Last Updated 19 September 2019, 14:03 IST

As Mayawati recently accused the Congress of pursuing a 'dogli niti' (double standard), the relationship between the two parties has turned a full circle since Sonia Gandhi had hugged the BSP chief at the swearing-in ceremony of H D Kumaraswamy in May 2018.

Stung by all its MLAs in Rajasthan joining the Congress, Mayawati has gone hammer and tongs against the grand old party, accusing it of being “untrustworthy and betrayer”.

But a closer look at the developments in the past one year shows that Mayawati herself is to be, partly if not substantially, blamed for this impasse to which Congress-BSP relation has reached.

The party founded by her mentor Kanshi Ram has always been in a make-and-break alliance mode, dumping allies one after another, a phenomenon which continued till recently.

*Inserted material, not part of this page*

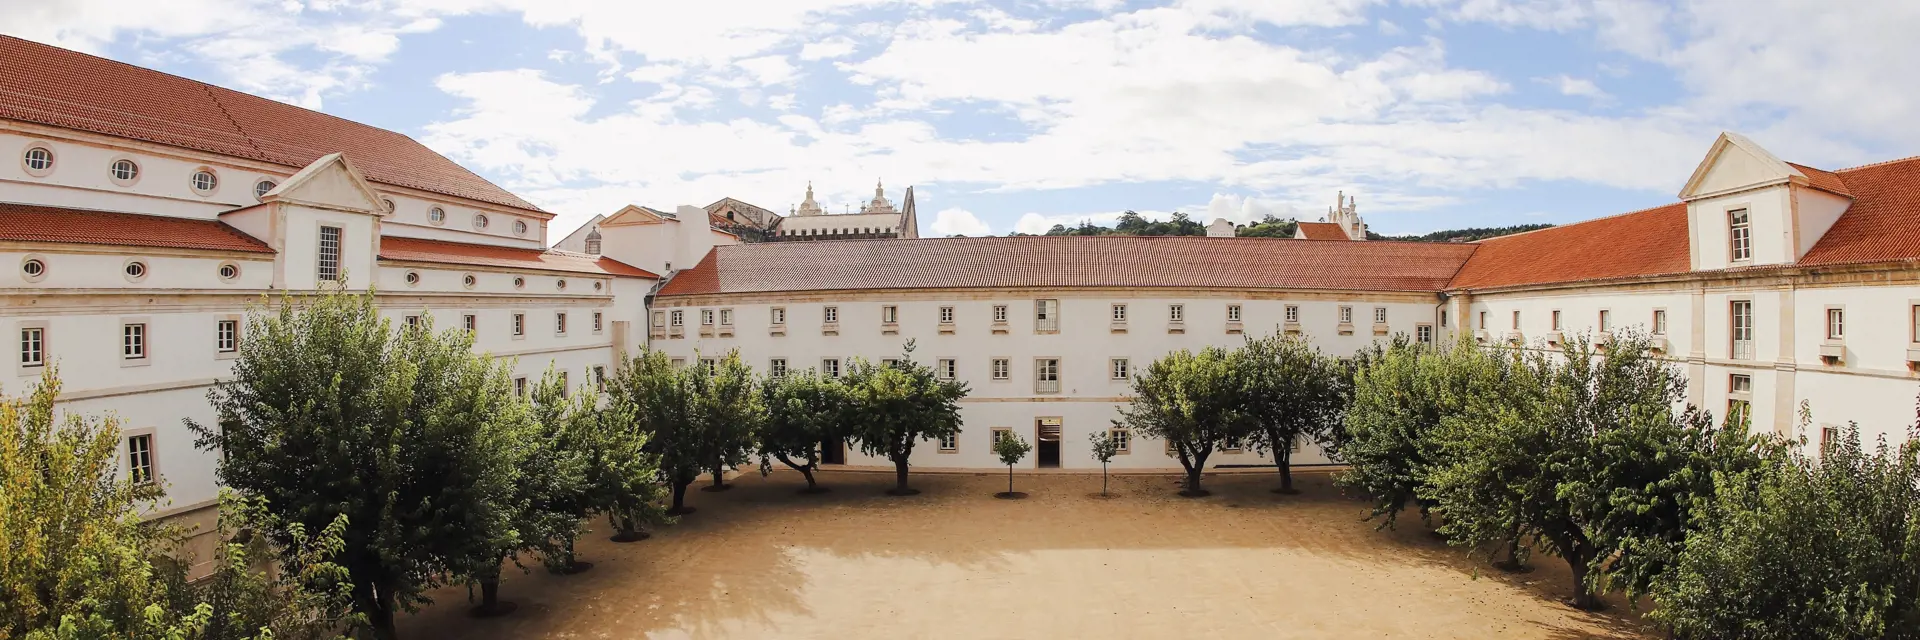 1 montebelo mosteiro alcobaca historic hotel claustro do rachadouro 1

Many Congressmen believe that Rajasthan Chief Minister Ashok Gehlot’s swift midnight operation was in a way a case of paying back in the same coin. The move left Mayawati squirming, whose party had made a tough but unfruitful bargain in seat-sharing negotiations during last year Assembly polls in Madhya Pradesh, Rajasthan and Chhattisgarh. Eventually, both the parties blamed each other for the failure to strike a pre-poll alliance.

“Communal forces are getting strengthened due to Congress’s political doublespeak. Instead of weakening communal forces, Congress is busy weakening those who raise their voice against them (communal forces),” Mayawati had said on Wednesday. Mayawati had earlier alleged that poaching of BSP MLAs in Rajasthan once again proved that the Congress party is “untrustworthy and a betrayer.”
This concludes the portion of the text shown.